Iron Age hillfort in Cornwall, England

The site of Lescudjack Hill Fort, Penzance, Cornwall looking south towards Mount's Bay

Lescudjack Hill fort is the name given to the unexcavated Iron Age settlement located in Penzance, Cornwall. It is positioned on the summit of a steep hill in the east of Penzance and consists of a single rampart enclosing an area of 3 acre. The site has been damaged and contains allotments and an open area of land which has recently been cleared of thick undergrowth. It is reported that a small lead-copper mine was situated "just outside" the ramparts, however all trace of this appears to have vanished.

In 2004 this land was purchased by Penwith District Council and Penzance Town Council for £45,000 following a series of campaigns in the local community including a campaign conducted by the then Lescudjack Infants School (now part of the Pensans Primary School). According to Penwith District Council's website, a full archaeological survey is being conducted by Cornwall County Council's Historic Environment Service . The site is also subject to a management plan jointly agreed by Penzance Town Council and Penwith District Council.

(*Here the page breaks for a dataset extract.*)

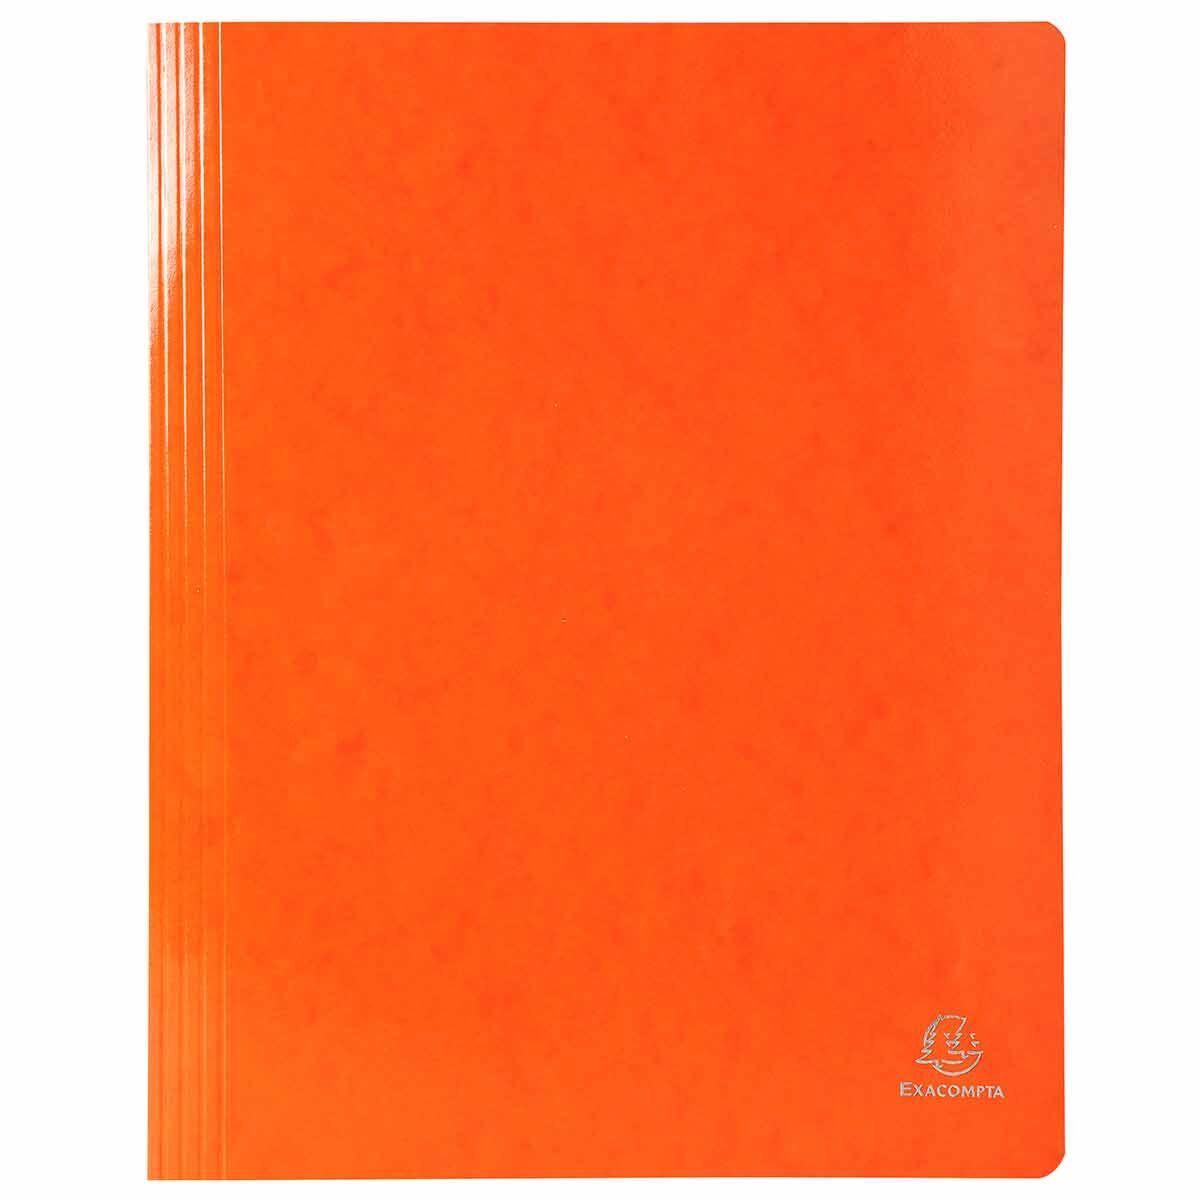 Exacompta Iderama Flat Bar Files Flat A4 Pack of 25 355gsm Orange

The site traditionally was referred to as a castle and Castle Road which runs alongside the site was named after it. There are also several roads nearby named Lescudjack, two schools have used the name and the local Sure Start is called Lescudjack.

The hill fort was formally handed over to public use on 21 December 2007 as part of the Montol Festival.

The fort's name might originate from the Cornish words lan (enclosure) and scosek (shielded)- shielded enclosure or, more likely, "nans" (valley) and "cosek" (wooded); but compare: "lesky" (to burn), "cunnys" (fuel) and "ack" (a place where found) for "LESKInnick" terrace which is just below on the west side of the hill; therefore that could mean a "beacon place".